Currently reference names starting with numbers, such as 1-pyrenebutanol are not supported.

Create a chemical reference

For this tutorial let's first define references for the small-molecule chemicals being used in the polymerization experiment. Add a CMDL cell to the batch_experiment.cmdnb and create a chemical group for tetrahydrofuran (THF):

cmdl
chemical THF {

}

With the group created we can define additional properties on the chemical to enable it to be used for reaction stochiometry calculations down the line. See the CMDL guide for available properties for a chemical reference.

cmdl
chemical THF {
    molecular_weight: 72.1 g/mol;
    density: 0.88 g/ml;
    smiles: "C1CCOC1";
}

The autocomplete features will automatically prompt with acceptable values for for a given property. If an incorrect value is given for a property such as a negative mass or a fictional unit, the compiler will automatically highlight the error. See the following for an example.

Running the CMDL cell

With the THF reference defined, we can execute the CMDL cell and see the output.

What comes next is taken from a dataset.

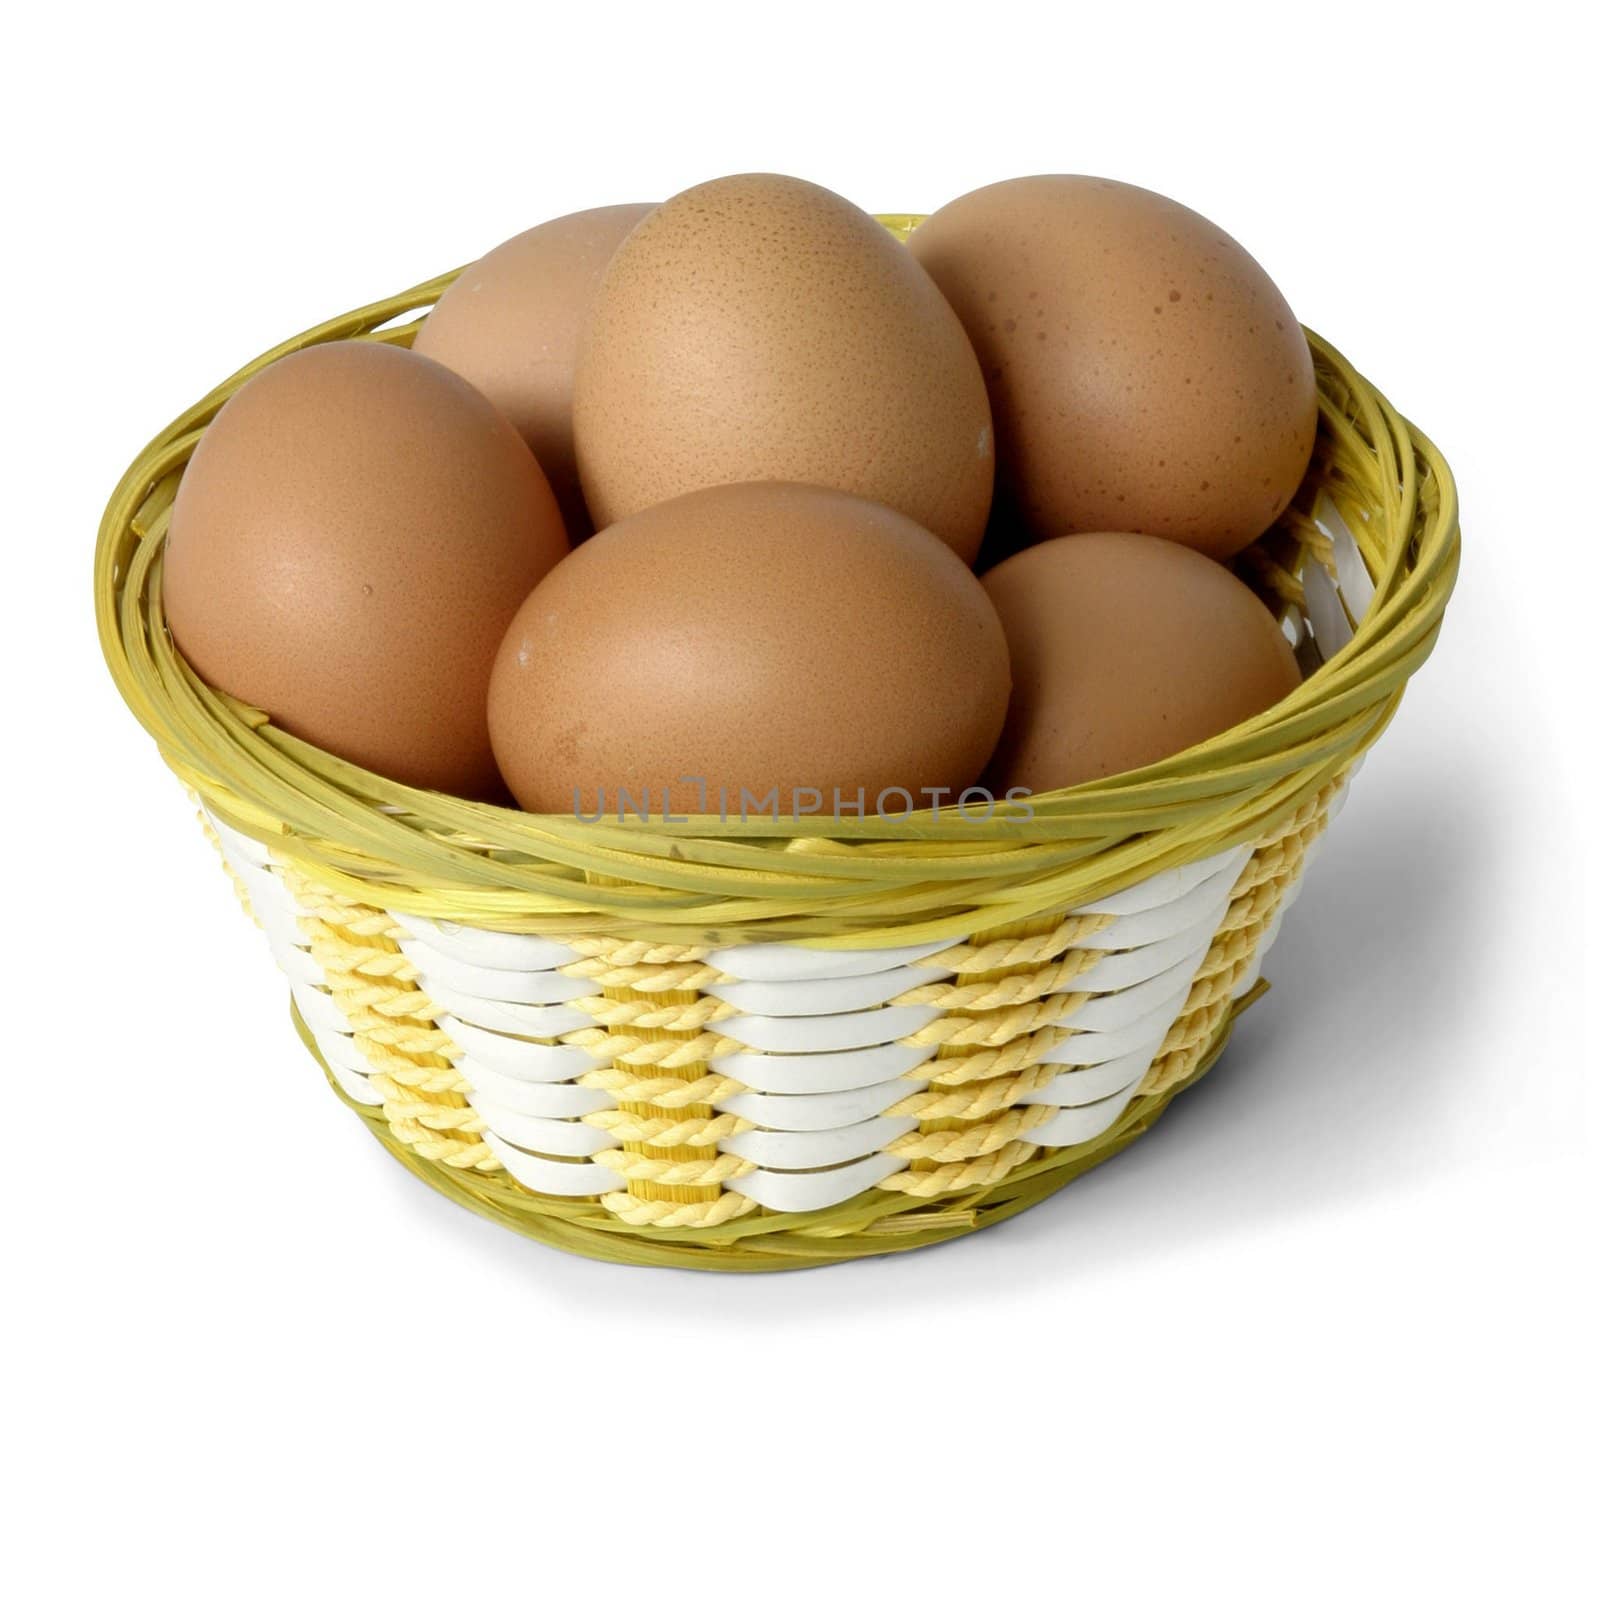 Eggs by Baltus

By default the cell output will be displayed in JSON format.

JSON Cell Output

The mime type of the cell output can be changed to the custom IBM Materials Notebook renderer to display the values in a more concise format.

Material Cell Output

Changing the display type can be accomplished by clicking the more actions menu next to the cell.

Change Cell Mime Type

And then selecting the desired output MIME type...

Select MIME Type

Creating additional chemical references

Now that we have created the first chemical reference. Add the following additional references to a separate cell or the same cell and execute that cell.

cmdl
chemical kOtBu {
    molecular_weight: 112.212 g/mol;
    smiles: "[K+].CC(C)(C)[O-]";
}

chemical lLactide {
    molecular_weight: 144.12 g/mol;
    smiles: "C[C@H]1C(=O)O[C@H](C(=O)O1)C";
}

Now all of the small molecule references are ready to be used inside the batch experiment. Next we will define the polymer product of the reaction as well as the macroinitiator.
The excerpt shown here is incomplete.